The 32-year-old Moscow-born, Bronx-based singer and songwriter — a classically trained pianist with a sometimes frilly voice that, in song, will veer unexpectedly into her native tongue, or at least assume a Russian accent — seems to occupy a creative hemisphere inhabited by such key-stroking contemporaries Kate Bush, Tori Amos and Nellie McKay.
This trait of non-confessional, slight-disclosure storytelling that Spektor shares with the aforementioned doyennes seems to be working for her: the tour to support her sixth and latest album, What We Saw from the Cheap Seats, finds her booked Thursday at the almost-3,200 seat capacity Sony Centre for the Performing Arts.
But the mind behind such puzzling numbers as the new album’s “Oh Marcello” (which juxtaposes a weird Russian inflection with the old Nina Simone classic “Please Don’t Let Me Be Misunderstood”) or the inventive scale-driven waltz named “Firewood,” says the source of her talent is as much a mystery to her.
“I don’t think there’s a usual type of way of writing songs for me, because it’s so mysterious, and different every time, which I guess is why a lot of them kind of sound different,” says Spektor, calling down the line from Providence, Rhode Island.
“Talking about music and trying to explain it is really weird, because when you’re doing it — when you’re composing — it’s so not analytical. Analysis is a type of judgment, and composing is the opposite — you’re completely in it, and you’re not judging.
“So it’s very hard to know what I’m thinking, because there’s not really that much of an agenda.

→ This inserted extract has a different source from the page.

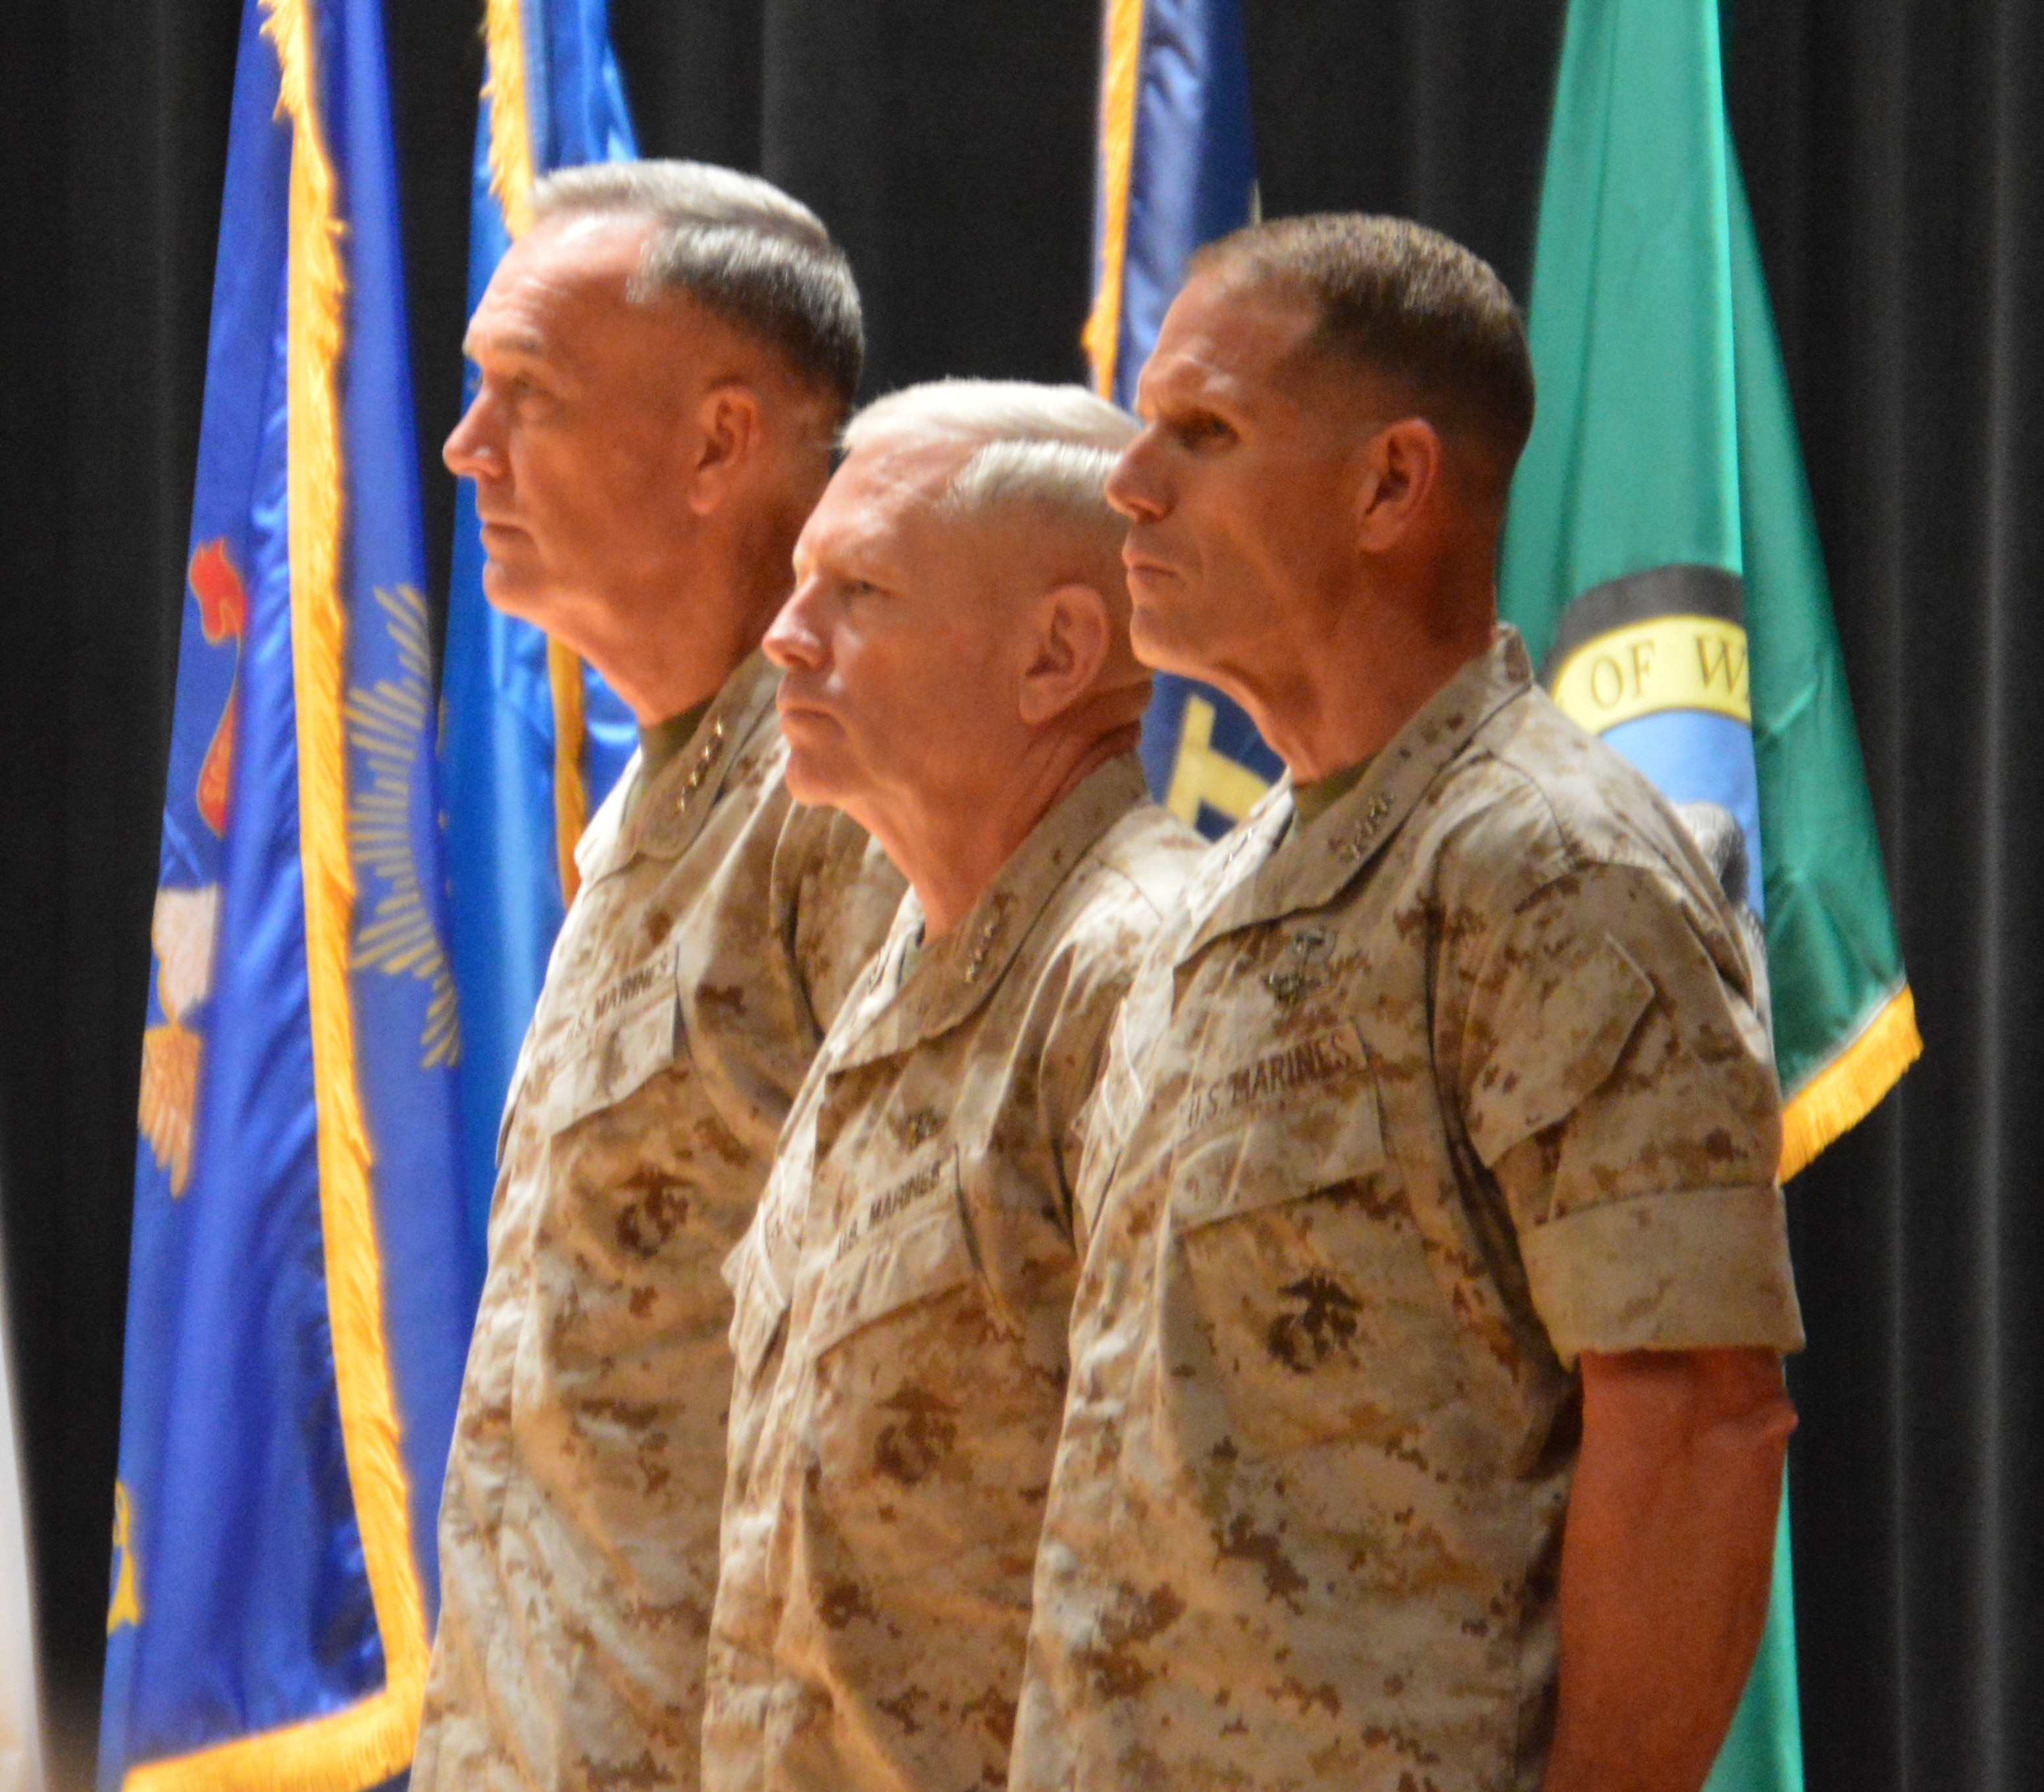 Lt. Gen. Robert Walsh (right) takes command of the Marine Corps Combat Development Command from retiring Lt. Gen. Kenneth Glueck (center) in an Aug. 20 ceremony at Marine Corps Base Quantico, Va. USNI News photo.

I don’t really subconsciously do anything. I try to figure out what the hell I did afterwards.”
The 32-year-old Spektor, also admits that, on occasion, the mysterious meaning behind certain songs remain veiled, even to her.
“A lot of the times you don’t ever figure out what it’s about,” she explains. “It’s ever changing, but the great thing is that it becomes a companion, a life companion.
“Some of them you grow into, and some of them you grow out of. Some of them you think, you know, this doesn’t feel right to play right now. And then six years later, it feels really right to play . . . they’re kind of in their own time and space.”
Nevertheless, Spektor, who immigrated to New York in 1989 with her family, did attend four years of college in Purchase, New York, to study her craft.
“I started writing songs kind of late for someone writing songs,” she explains. “You hear stories of people starting to write songs from when they’re 12 or 13, and at that time, it didn’t even enter my mind. I was studying classical piano and I really loved it.
“Then as a teenager I sort of realized that I wasn’t going to be a classical pianist, mainly because I didn’t have a lot of the skills and the personal properties that it takes to become one . . . And the people I was connecting to musically were Joni Mitchell and Ani DiFranco. There aren’t any schools where you can go and learn how to do that.
“So I found out through a good friend of my mom’s about Purchase, and that they had a program for kids who just wanted to write songs and record and become recording artists.”
Since her graduation, Spektor has signed with Sire Records, toured with The Strokes and Tom Petty & The Heartbreakers as an opening act, scored a respectable radio hit with 2006’s “Fidelity” and licensed a number of songs to popular TV programs and for commercials.
And she’s not above dressing up older material, as she did for older songs “Samson” for 2006’s Begin To Hope and “Don’t Leave Me (Ne Me Quitte Pas)” on the new album.
“‘I have a history of doing songs that I’ve only had a chance to do on piano and voice that are meant for something bigger,” she admits. “ ‘Samson’ and ‘Ne Me Quitte Pas’ had both been on an earlier record called Songs that was literally just piano and voice.
“As time goes on, I try and develop a lot of these songs that are living in a sketch world. It’s really great to work on them in the studio, add on drums and write parts that will bring it more into the world that it belongs in, as opposed to implying it, when it’s just me and the piano.”